Data entries:
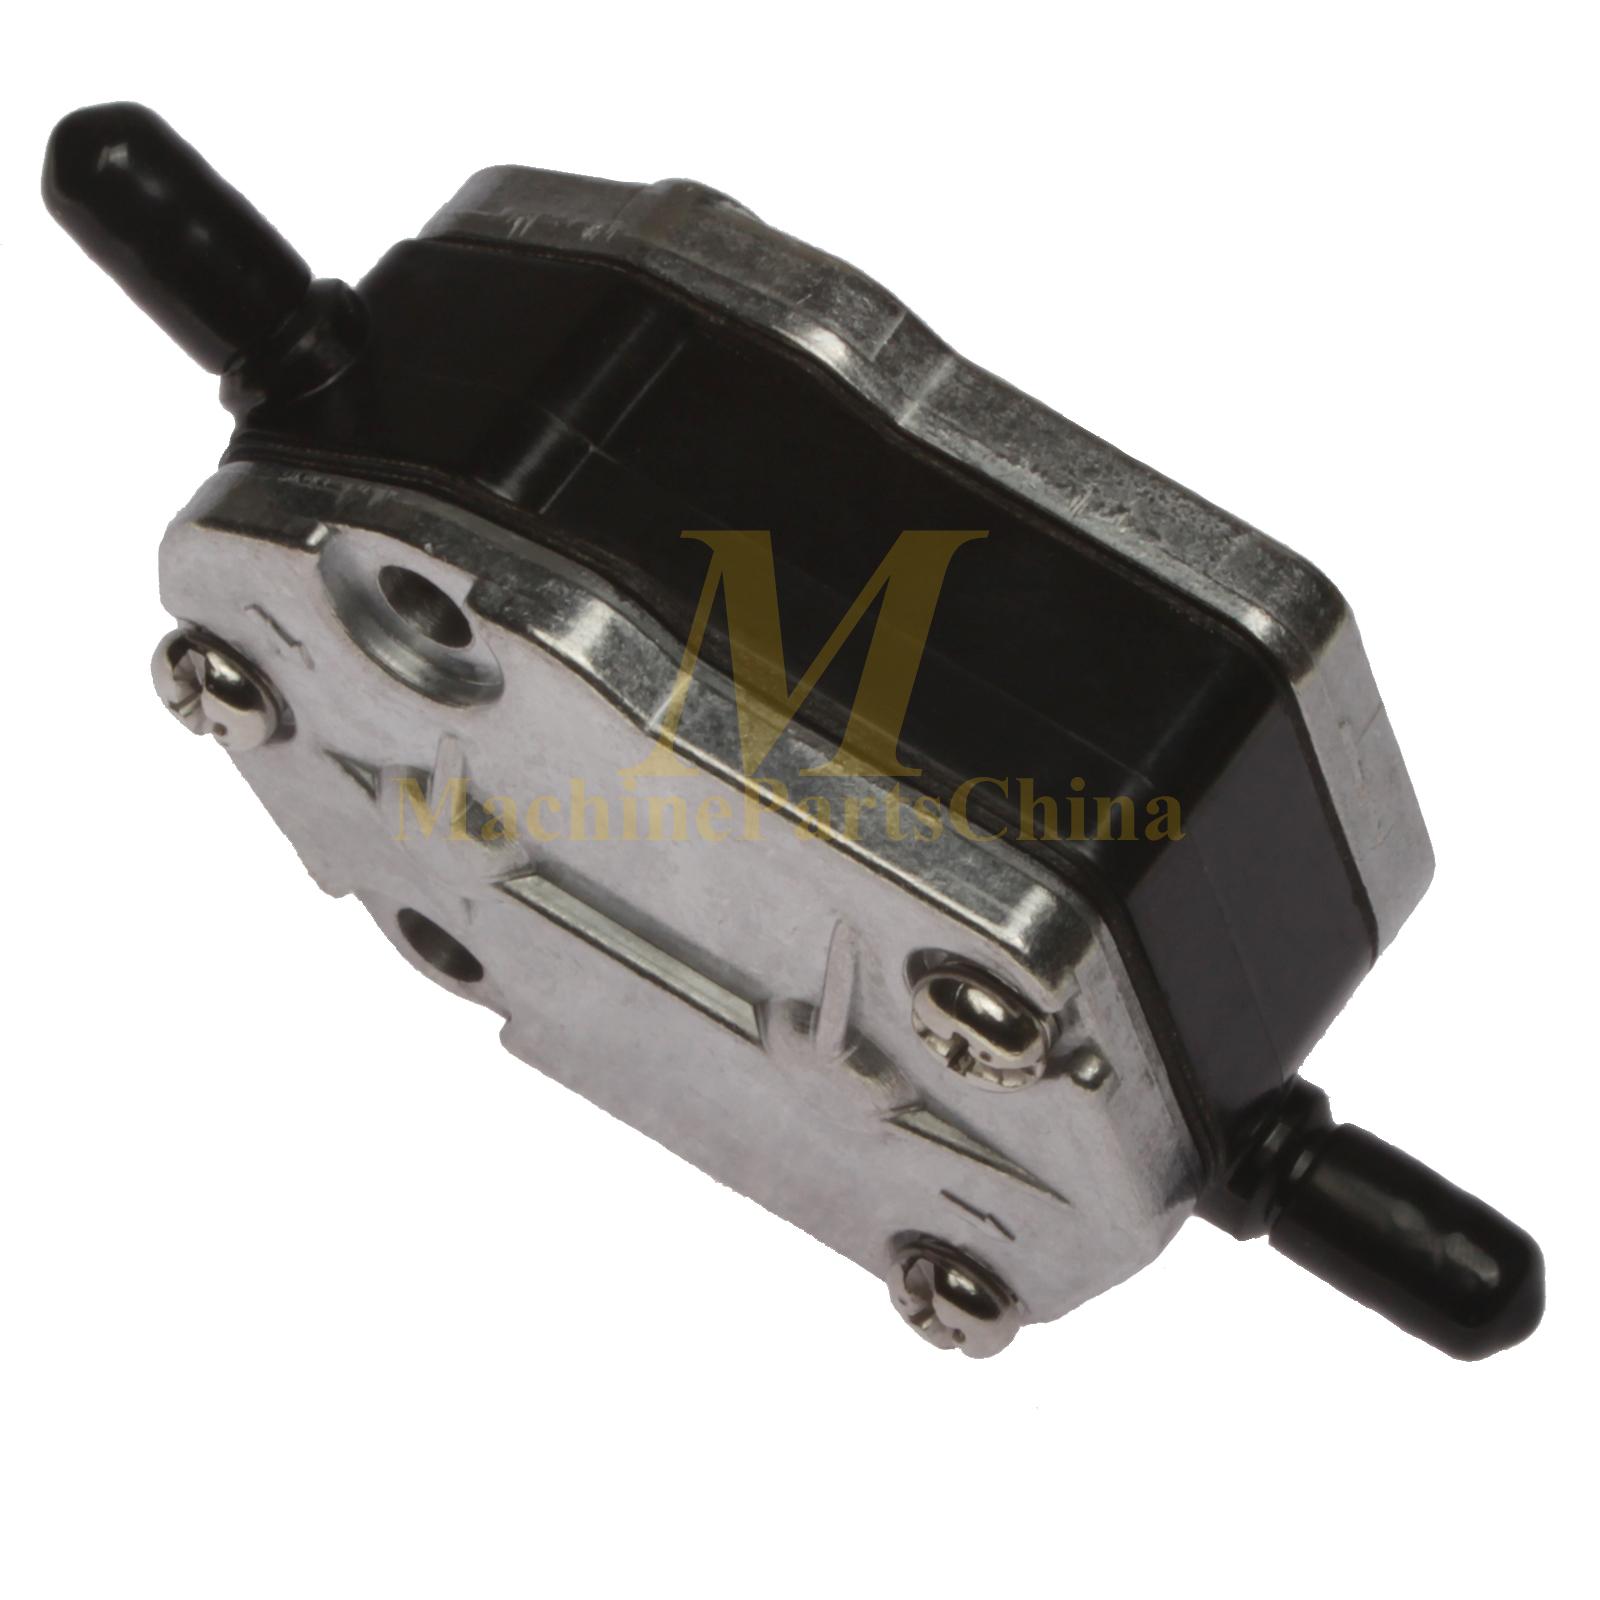 SUZUKI FUEL PUMP AND GASKET DT9.9 DT20 DT25 DT30 DT35 DT40 DT50 DT55 DT60 DT65
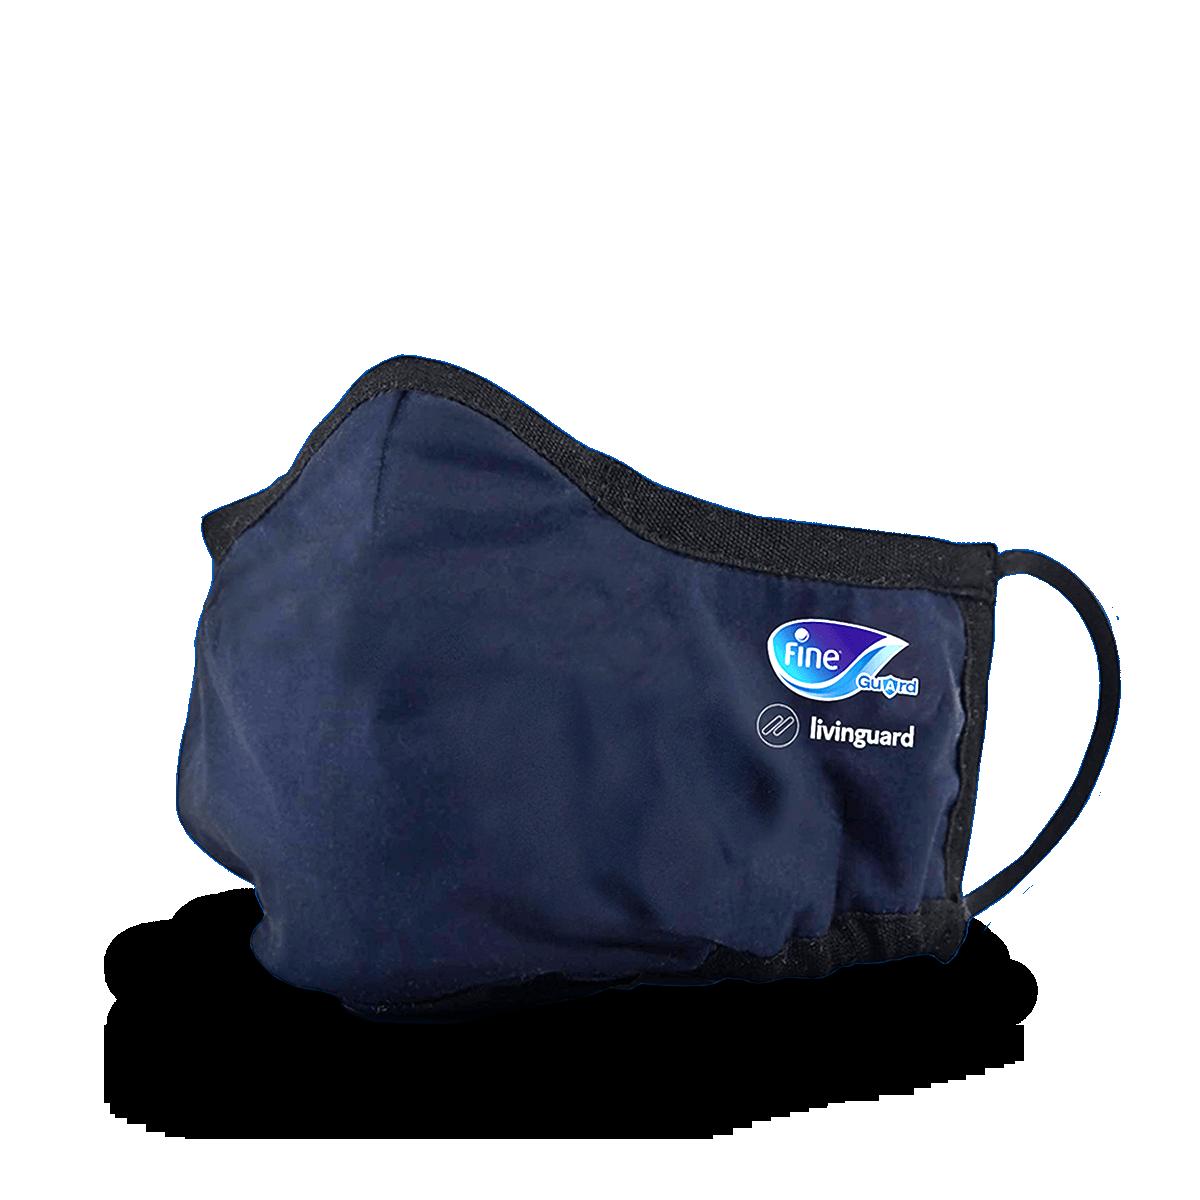 Fineguard Comfort Reusable Anti-Viral Mask
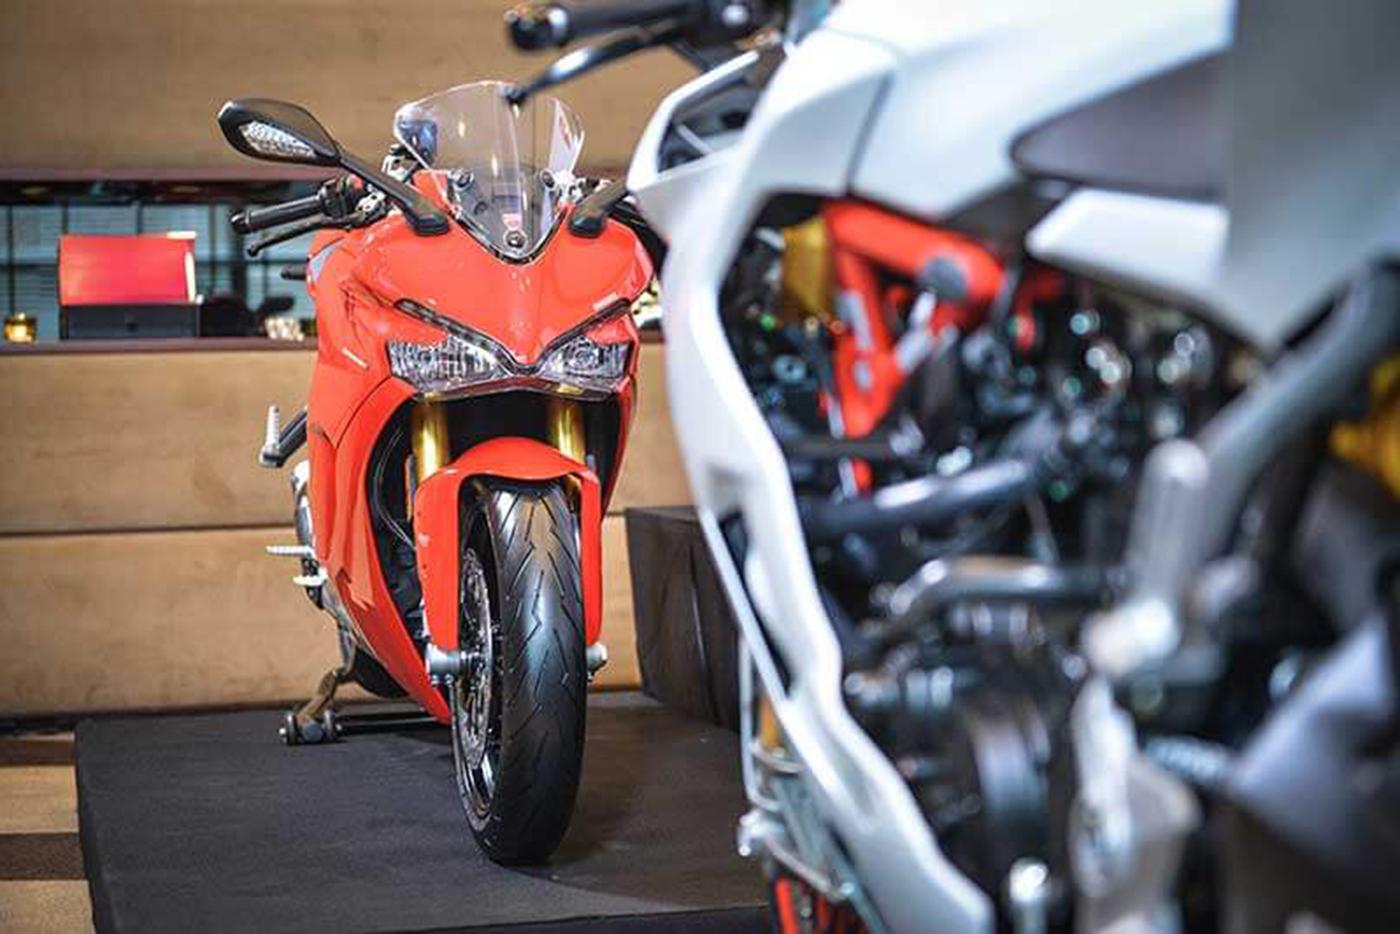 Ducati SuperSport 2017 – Đối thủ Kawasaki Ninja 1000 sắp về Việt Nam - ảnh 2
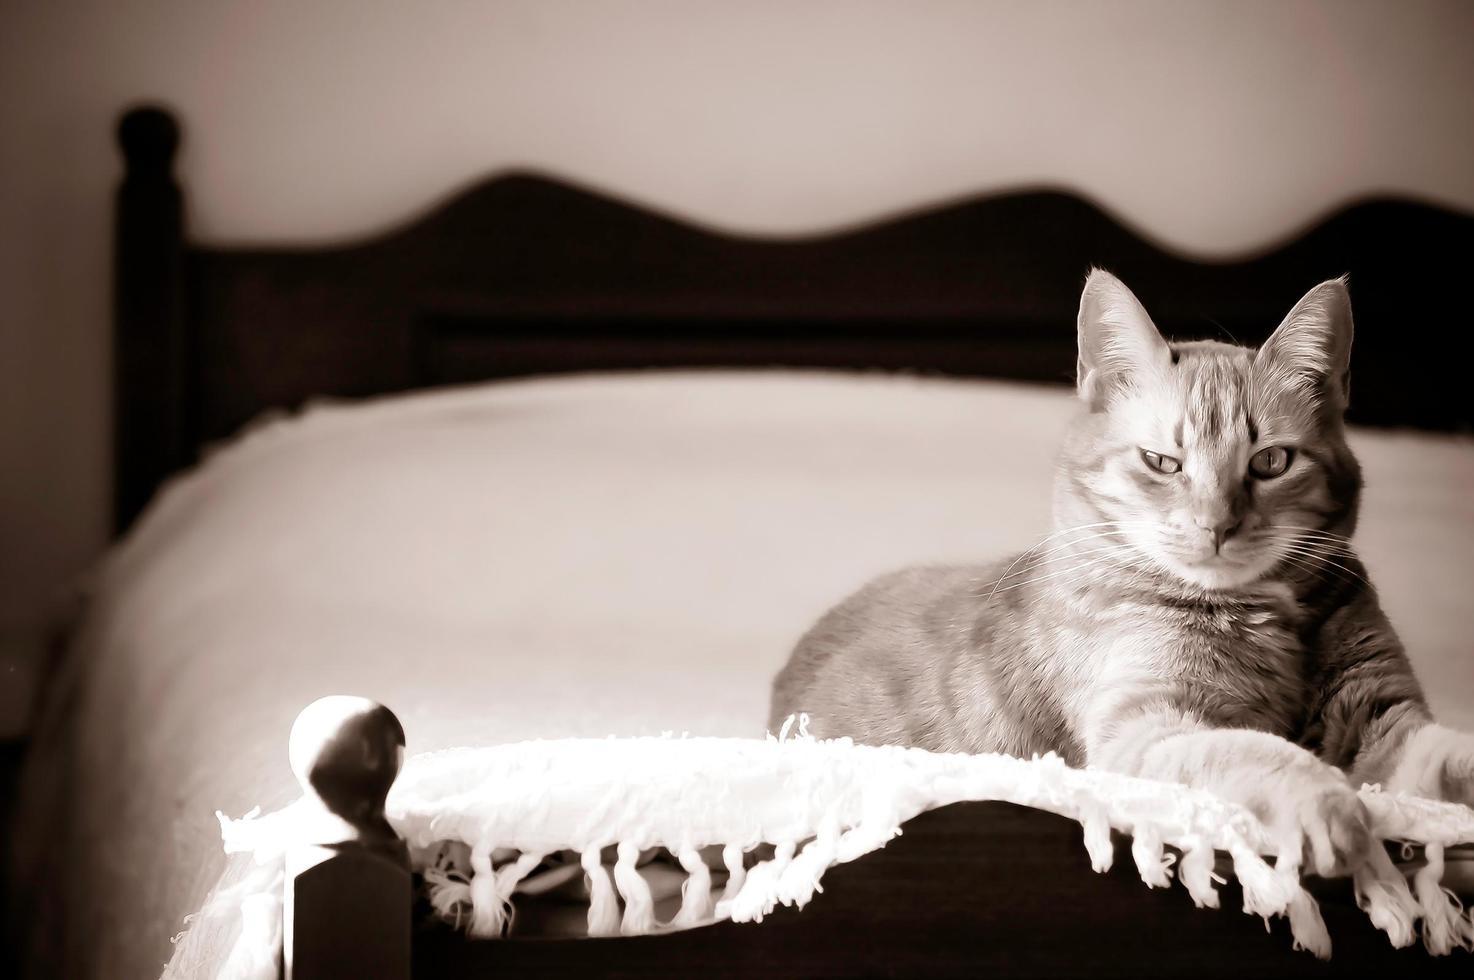 verdacht uitziende kat foto
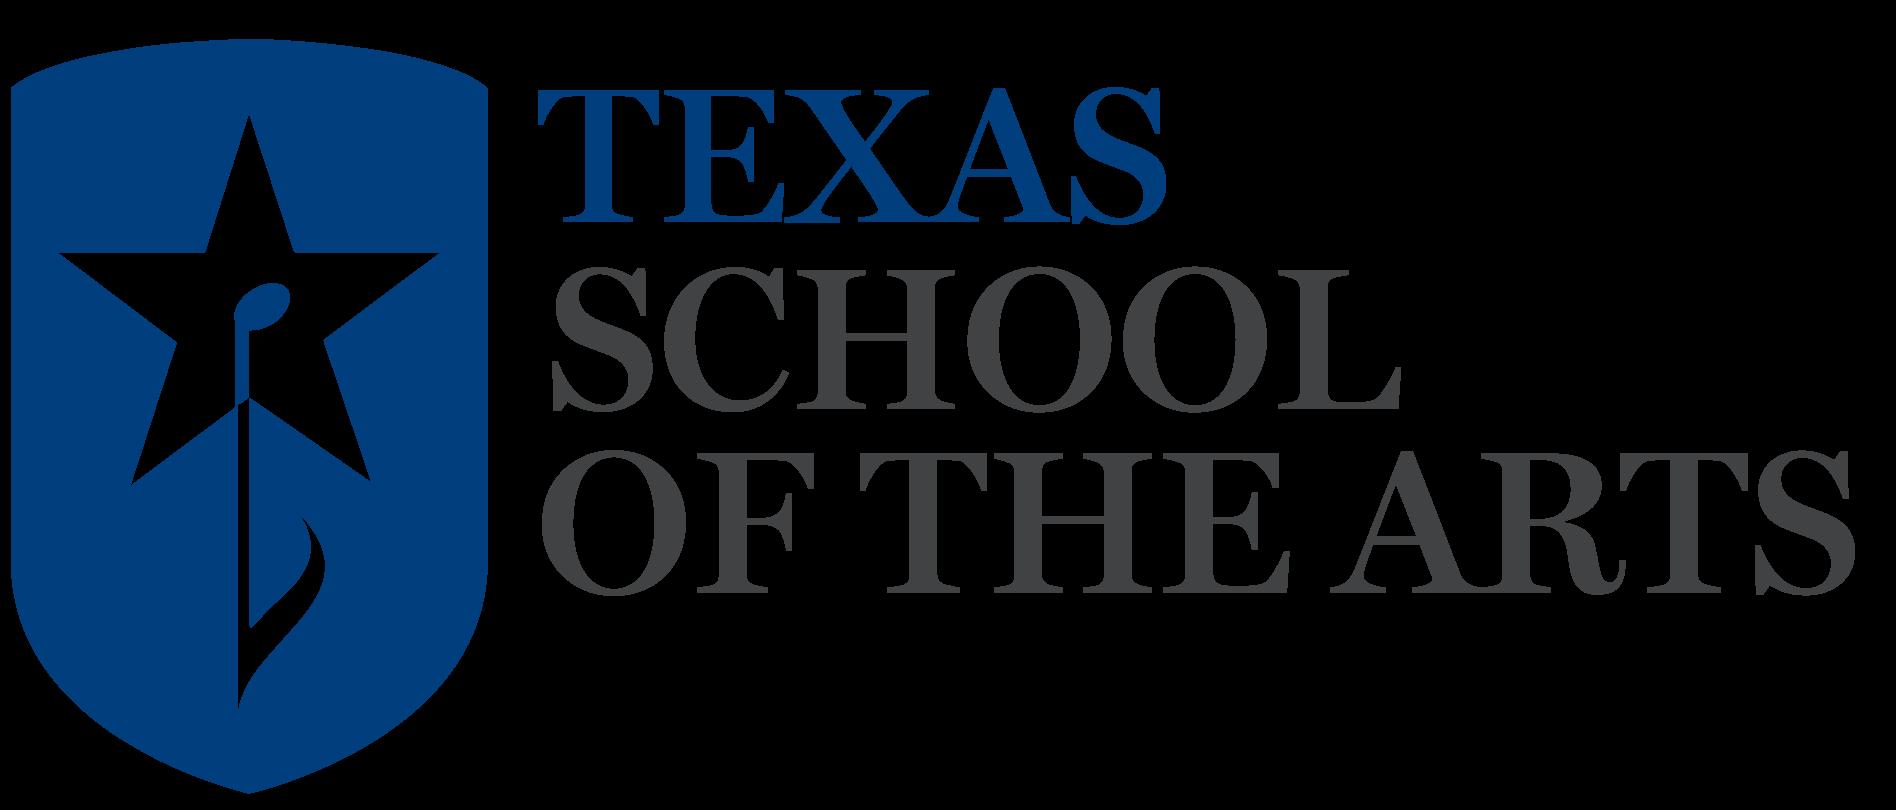 Texas School of the Arts

Your instructions: Verbatim copy with pictures excluded: write out the records above in full.

Exercise answer:
 SUZUKI FUEL PUMP AND GASKET DT9.9 DT20 DT25 DT30 DT35 DT40 DT50 DT55 DT60 DT65
 Fineguard Comfort Reusable Anti-Viral Mask
 Ducati SuperSport 2017 – Đối thủ Kawasaki Ninja 1000 sắp về Việt Nam - ảnh 2
 verdacht uitziende kat foto
 Texas School of the Arts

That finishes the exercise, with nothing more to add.